- Action item: Reproduce the listing below word for word and exclude any picture.

- Stored data:
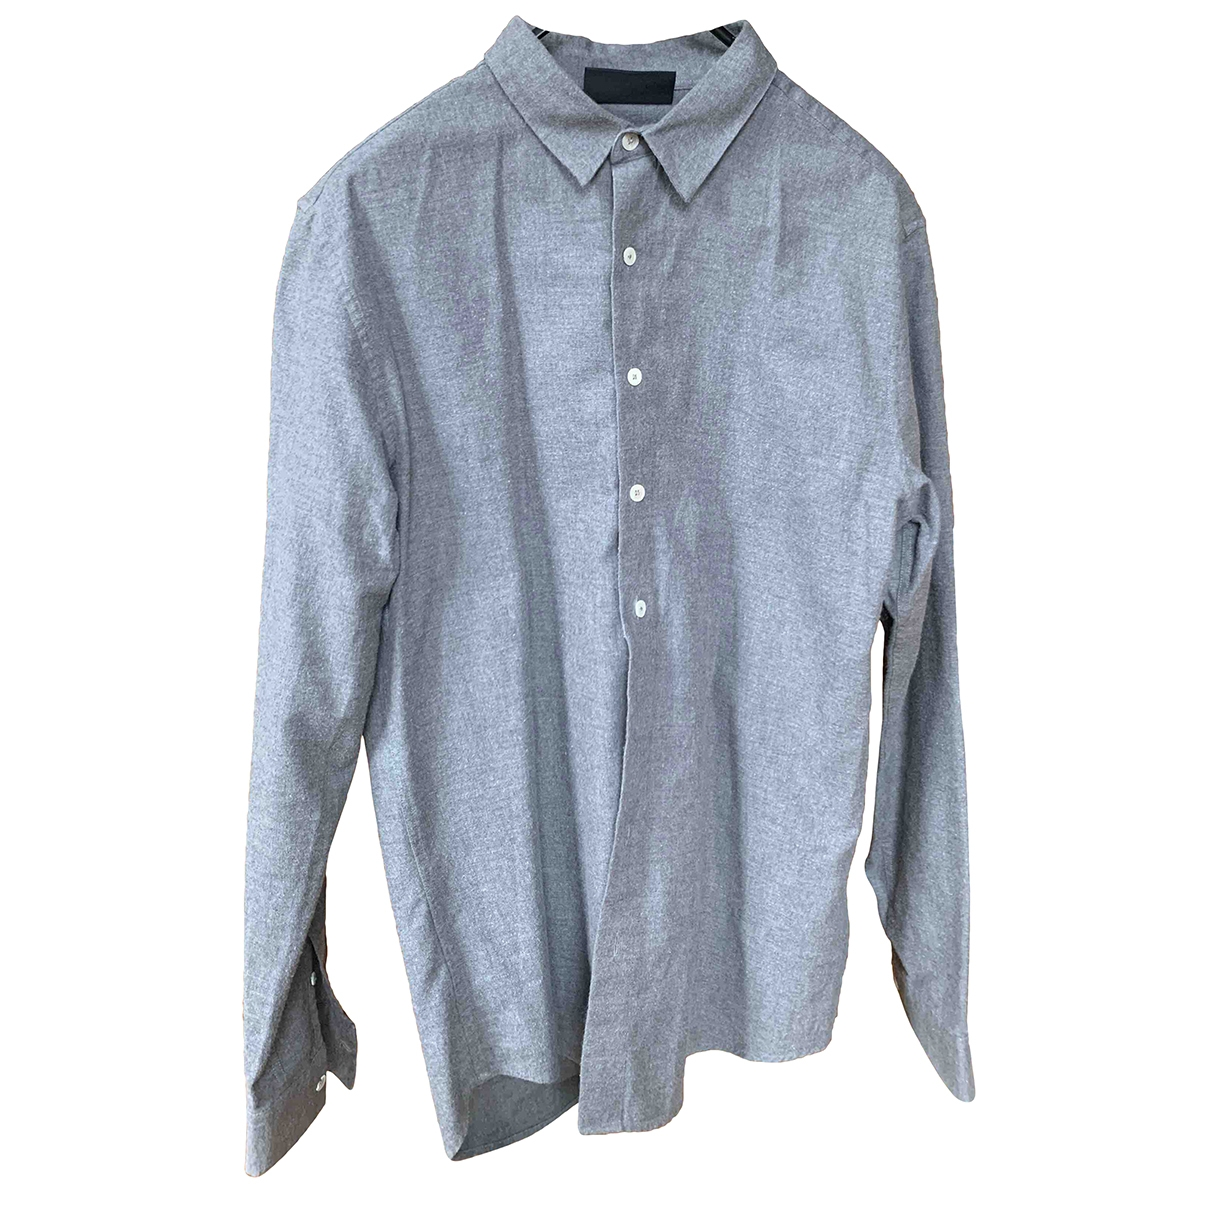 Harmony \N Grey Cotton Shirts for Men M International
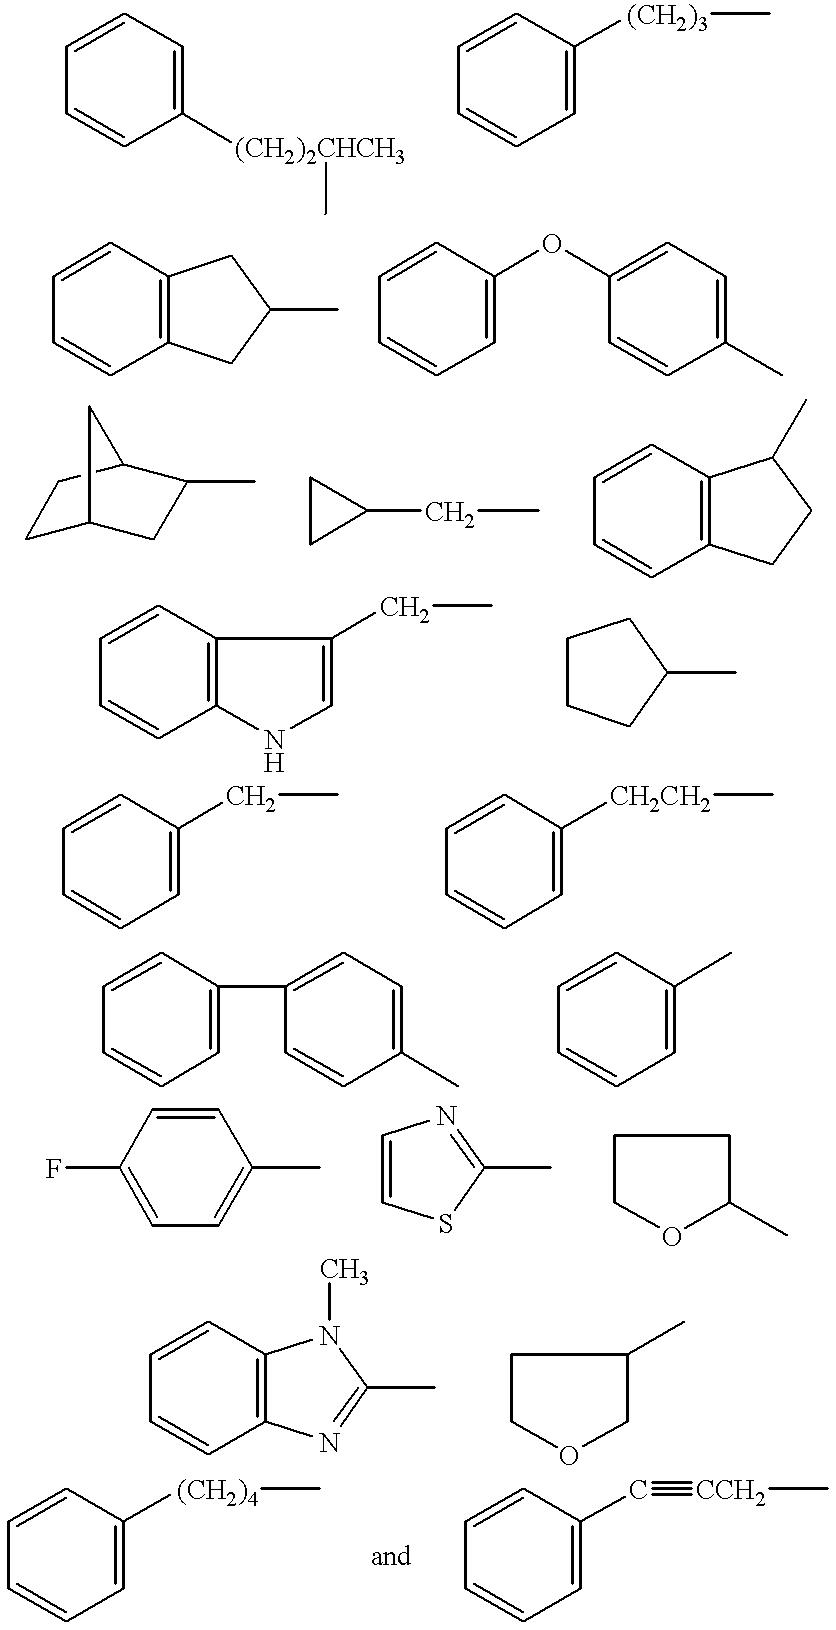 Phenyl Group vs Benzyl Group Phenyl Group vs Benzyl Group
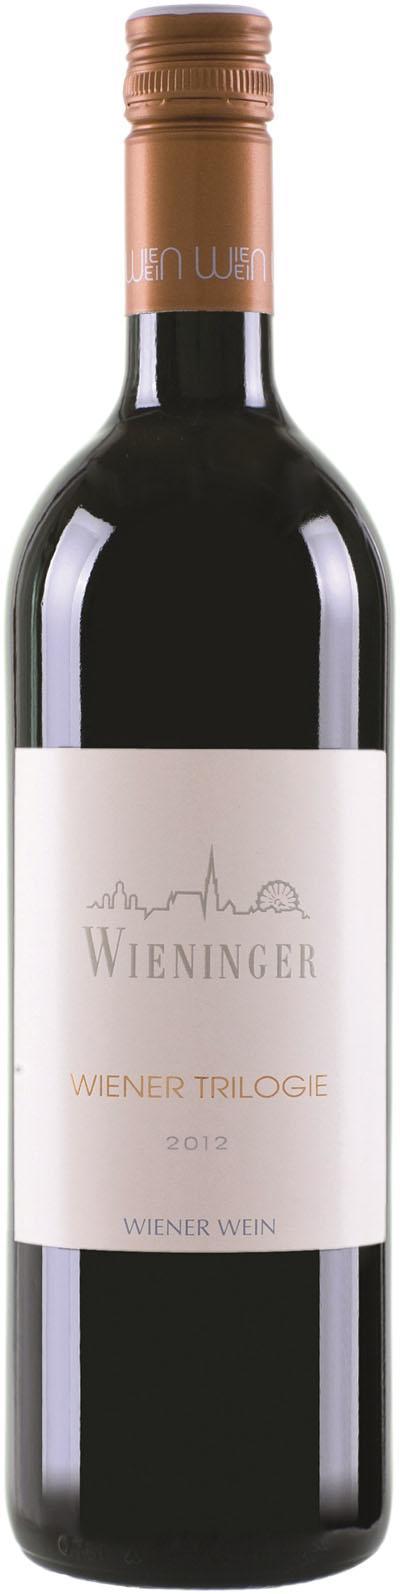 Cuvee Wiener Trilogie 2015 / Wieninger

- Written solution:
 Harmony \N Grey Cotton Shirts for Men M International
 Phenyl Group vs Benzyl Group Phenyl Group vs Benzyl Group
 Cuvee Wiener Trilogie 2015 / Wieninger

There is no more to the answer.